In this paper, initial TiOx layer deposited by plasma-assisted CVD (PCVD) at low temperature below 90˚C is used to control of the orientation of anatase-TiO2 layer on Pylex-glass by low-pressure CVD (LPCVD) using TTIP-single precursor, and then the UV-induced hydrophilic property and the photocatalytic property in methyleneblue solution are demonstrated by using the LPCVD-TiO2 layer.

2. Experimental

2.1. Deposition of TiOx and TiO2 Layers

Figure 1(a) shows an apparatus for deposition of TiOx and TiO2 layers.
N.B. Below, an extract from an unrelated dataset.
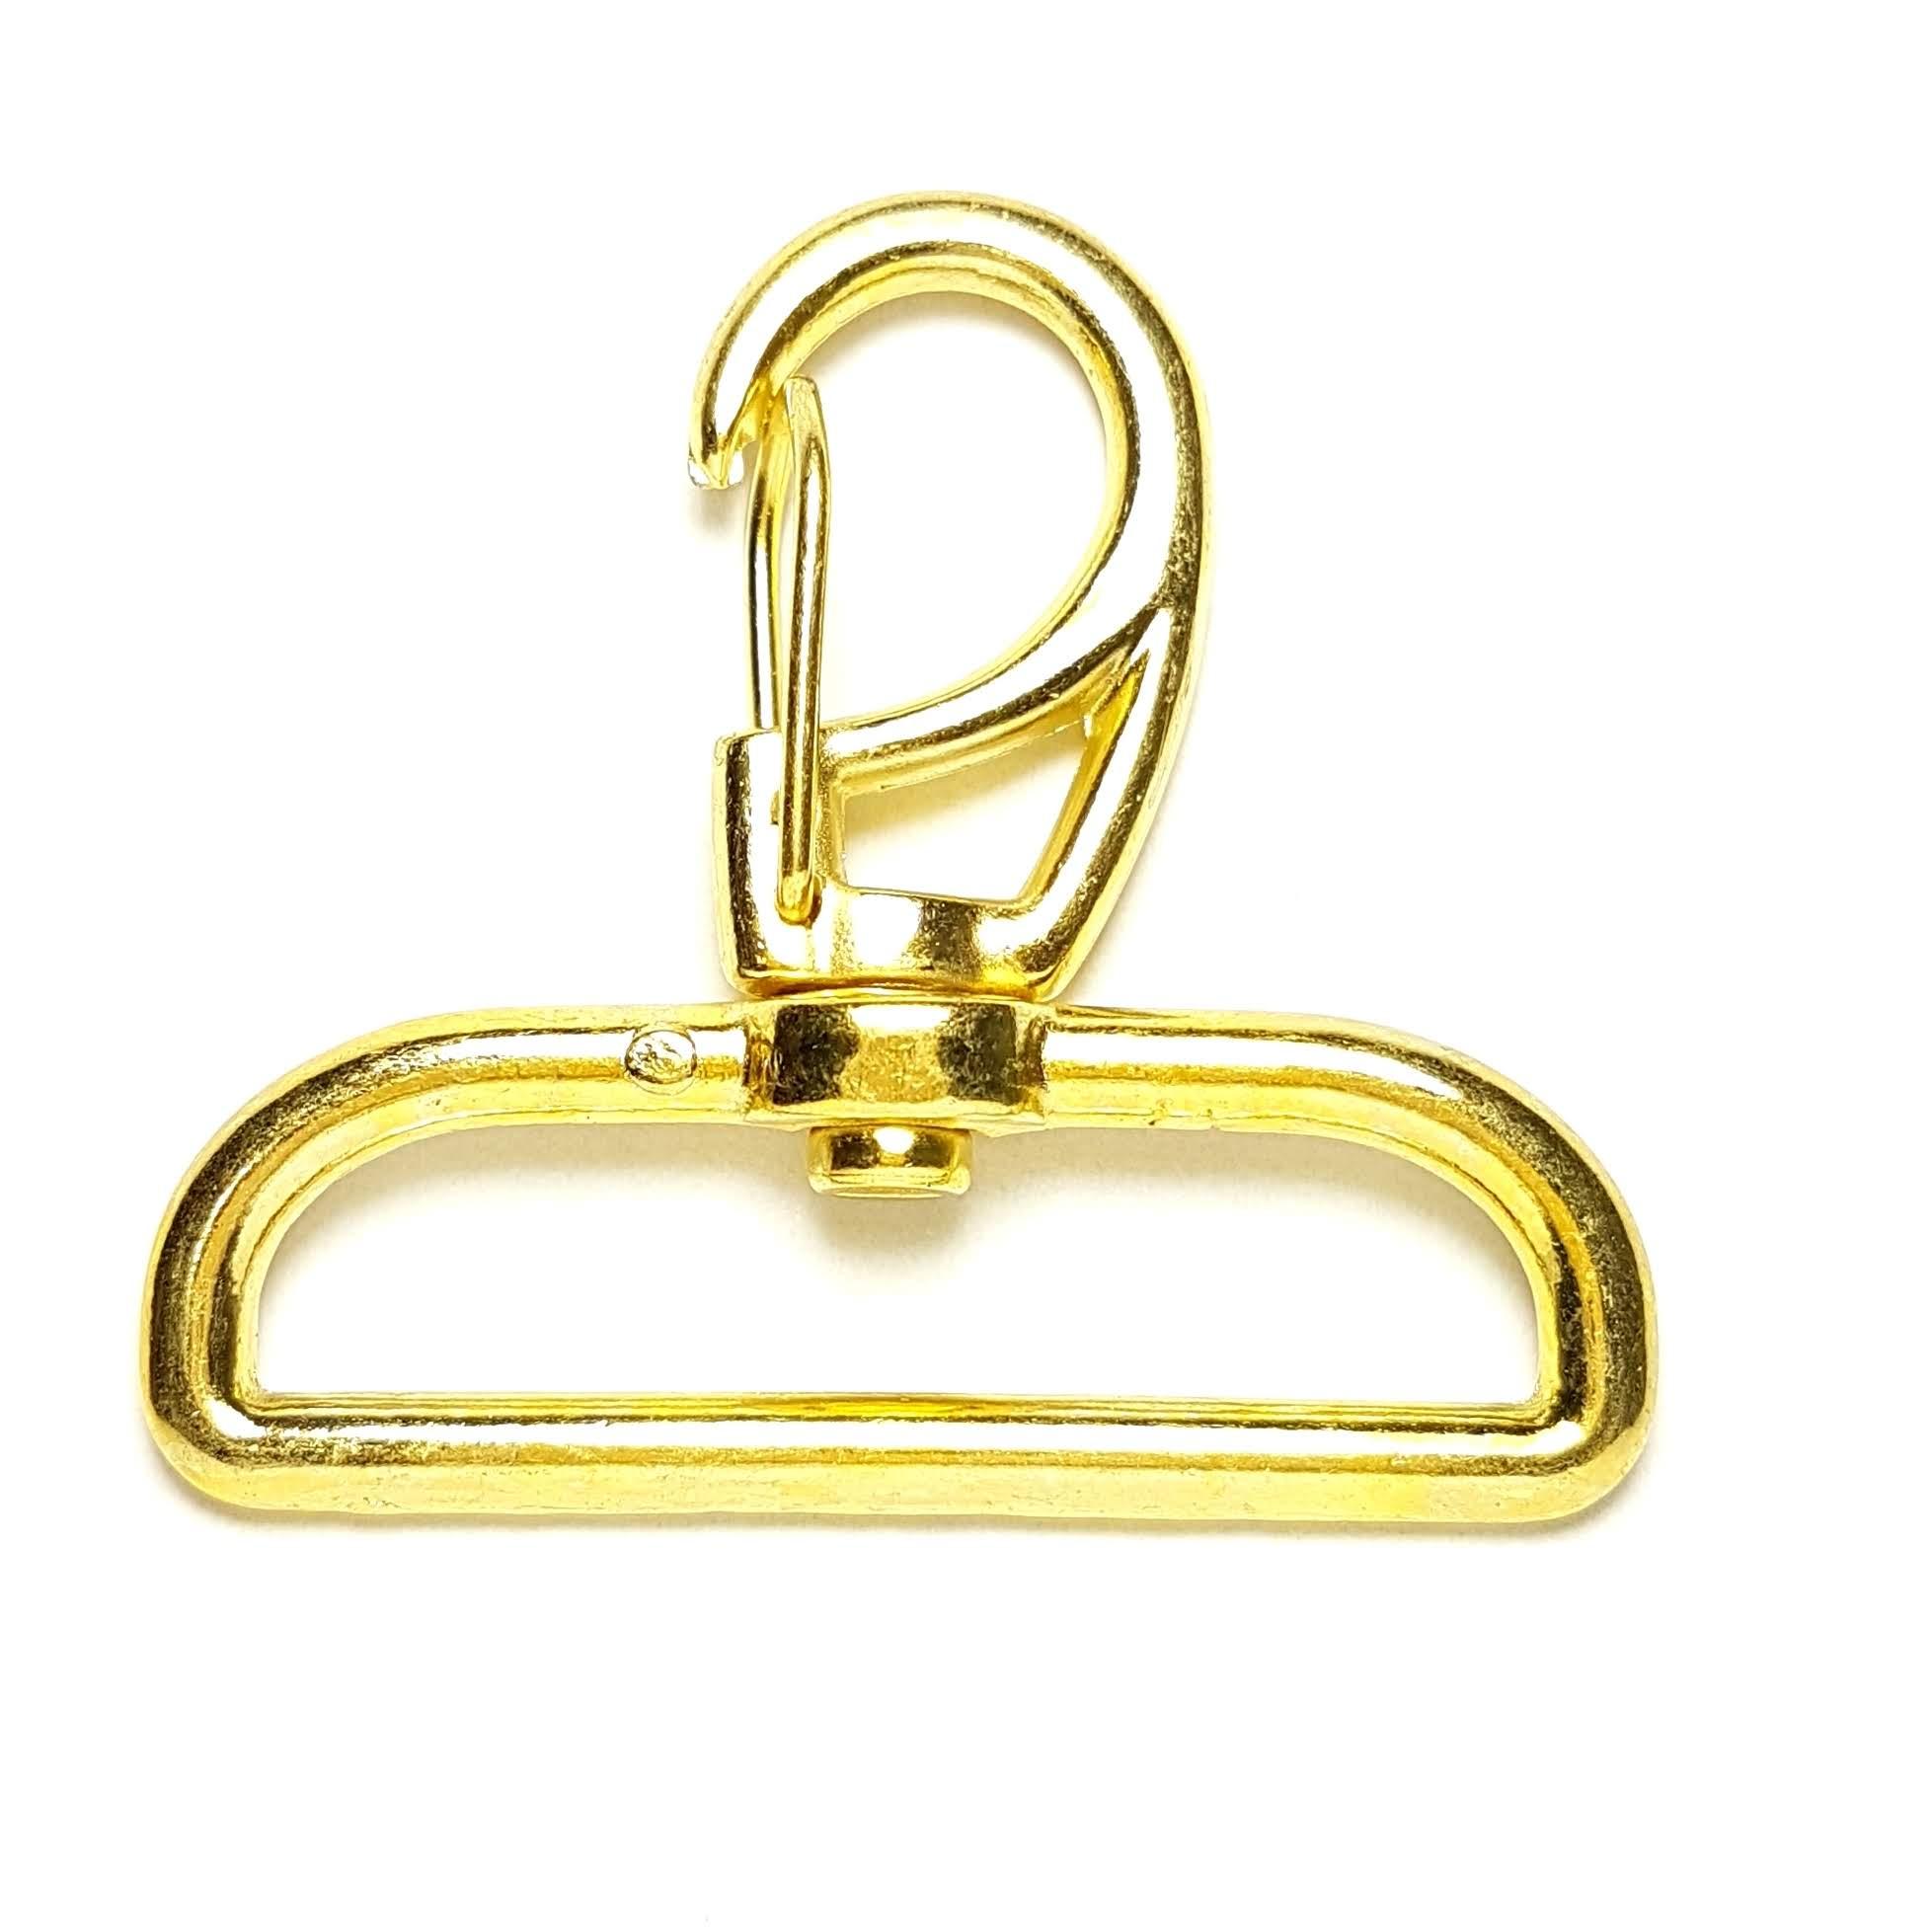 Mosquetão Dourado Ref. 1166 - 4,0cm

Base pressure of the bell-jar type reactor exhausted by a combination of diffusion pump and a rotary pump was under 1 × 10−3 Pa. TTIP (Ti(O-i-C3H7)4: 99.7%-purity) purified in vacuum was used as source gas. Details of the purification sequence of TTIP were already shown elsewhere [12] . TTIP vaporized at 65˚C was introduced into the reactor by using a variable valve with monitoring the reactor pressure by Schulz gage and supplied to substrate through a quartz tube of 12 cmΦ. An orifice consisting of stainless sheet with a hole of 1 mmΦ as shown in Figure 1(b) was attached at the gas inlet of Schulz gage and heated at 450˚C by resistive heating to avoid TiOx deposition on the electrodes due to

(a) (b)

Figure 1. Configuration of (a) apparatus of TiOx and TiO2 layers and (b) orifice to avoid TiOx-deposition on electrode of Schulz gage.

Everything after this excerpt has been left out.